- _YOUR GOAL_
Return, with both end lines included, exactly what the data below holds from the line with "Crocs Unisex Grey & Orange Clogs Sandals" through the line with "The New Neighbor", though not the pictures.

- _EXERCISE INPUT_

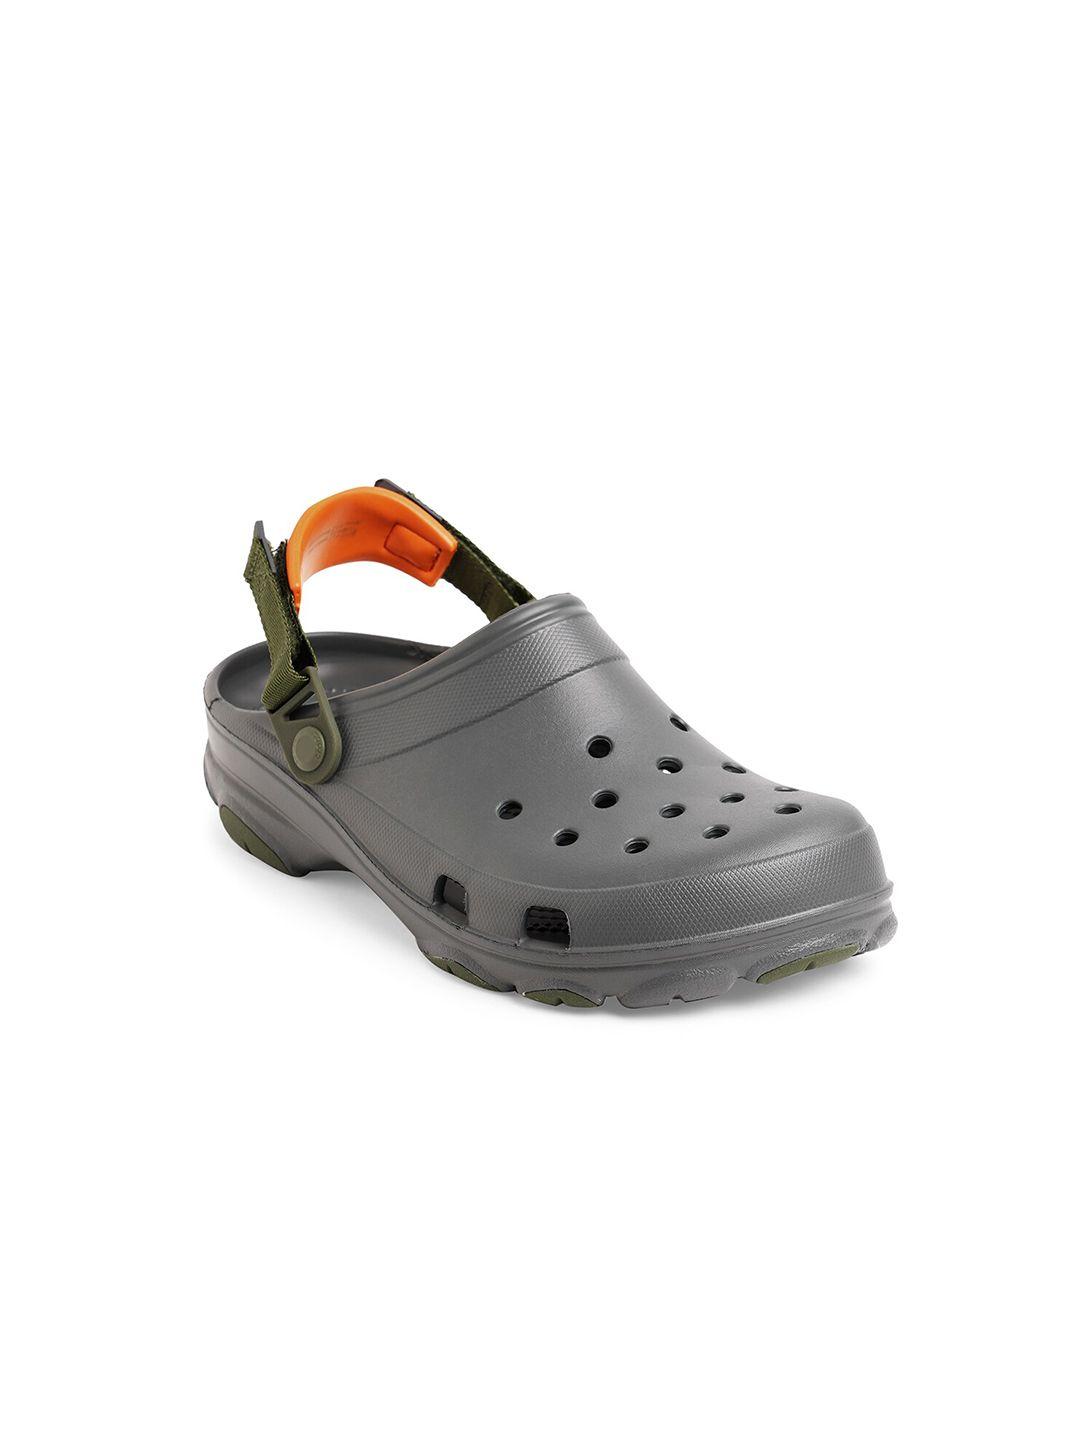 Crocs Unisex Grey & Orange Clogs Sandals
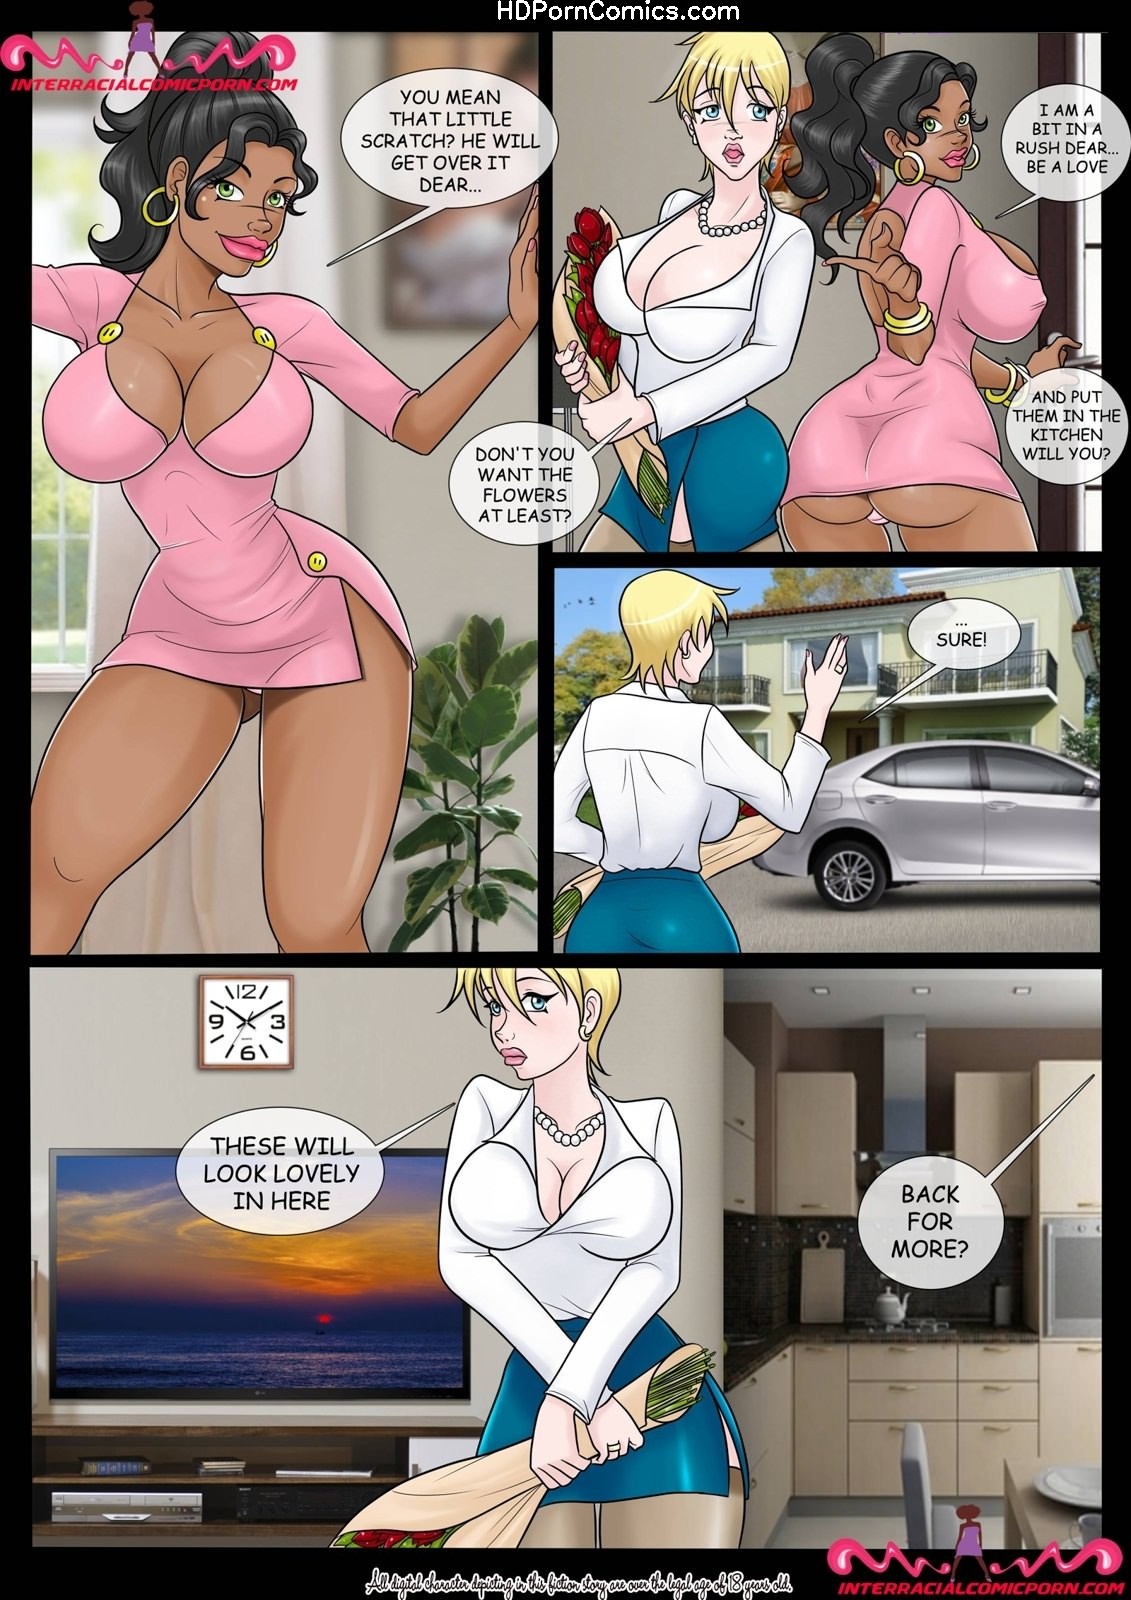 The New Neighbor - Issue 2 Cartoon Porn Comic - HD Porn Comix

...

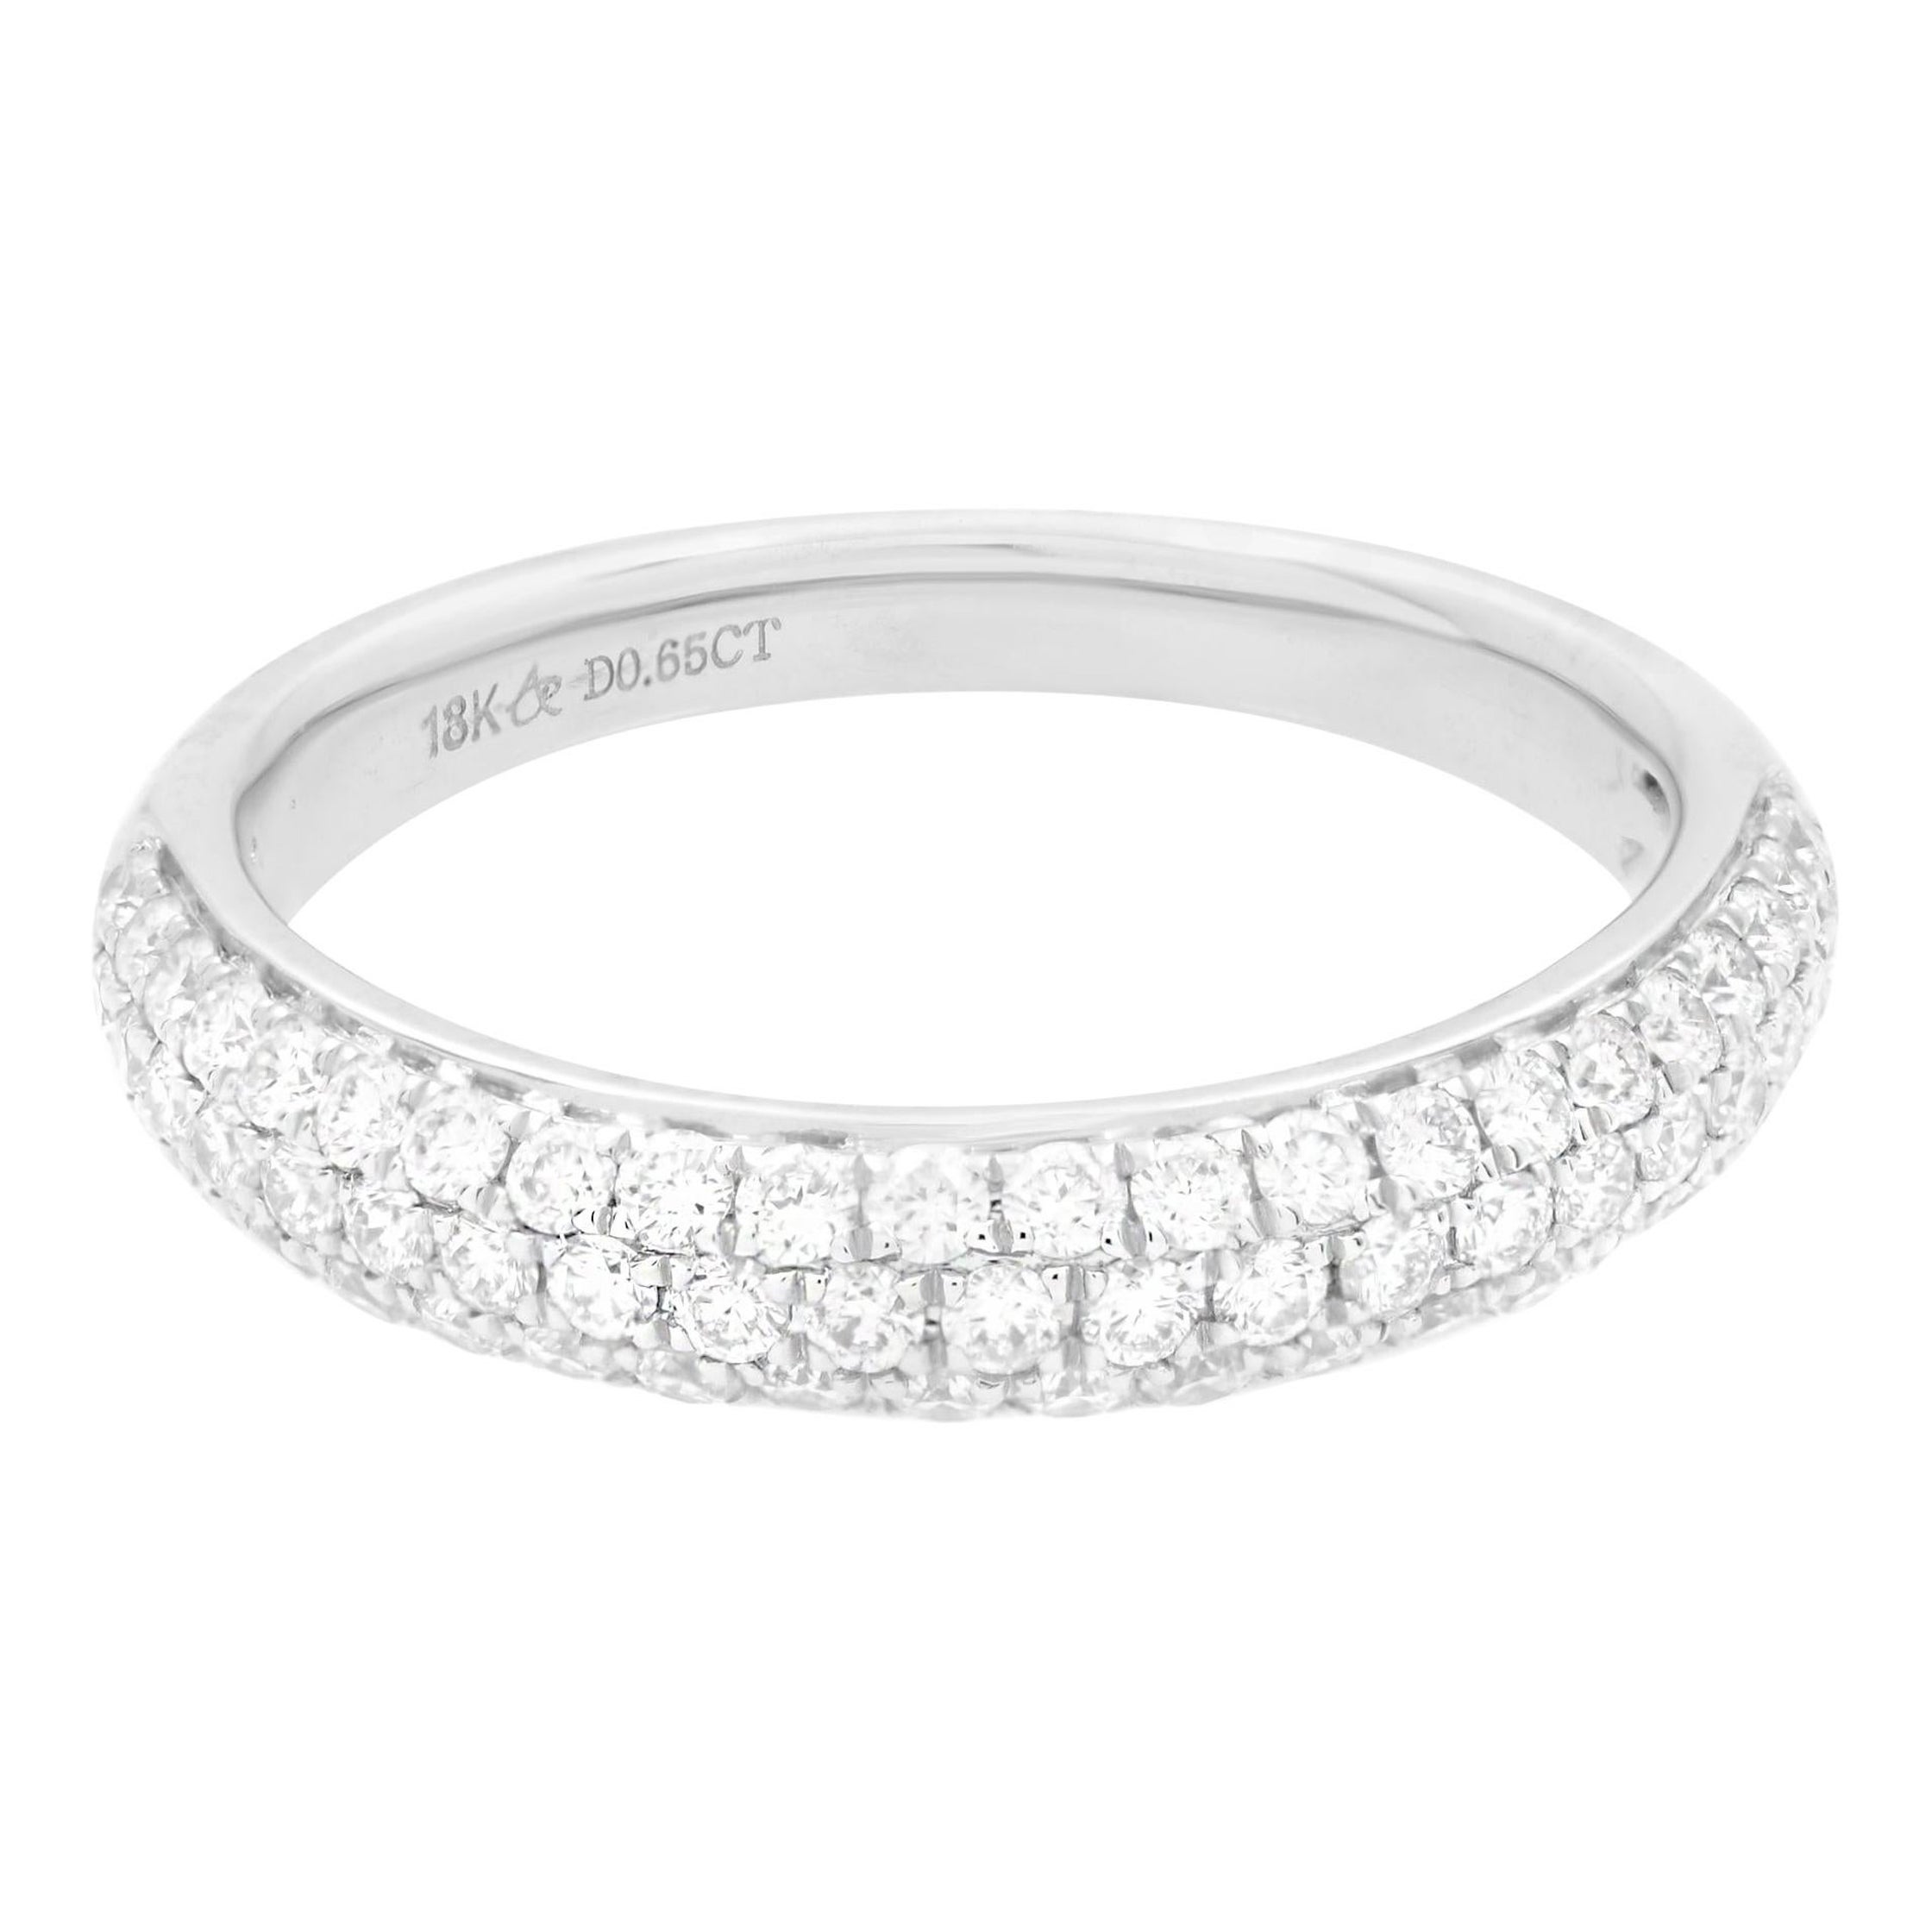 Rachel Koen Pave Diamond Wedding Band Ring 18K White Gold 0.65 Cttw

- _RESULT BELOW_
 Crocs Unisex Grey & Orange Clogs Sandals
 The New Neighbor - Issue 2 Cartoon Porn Comic - HD Porn Comix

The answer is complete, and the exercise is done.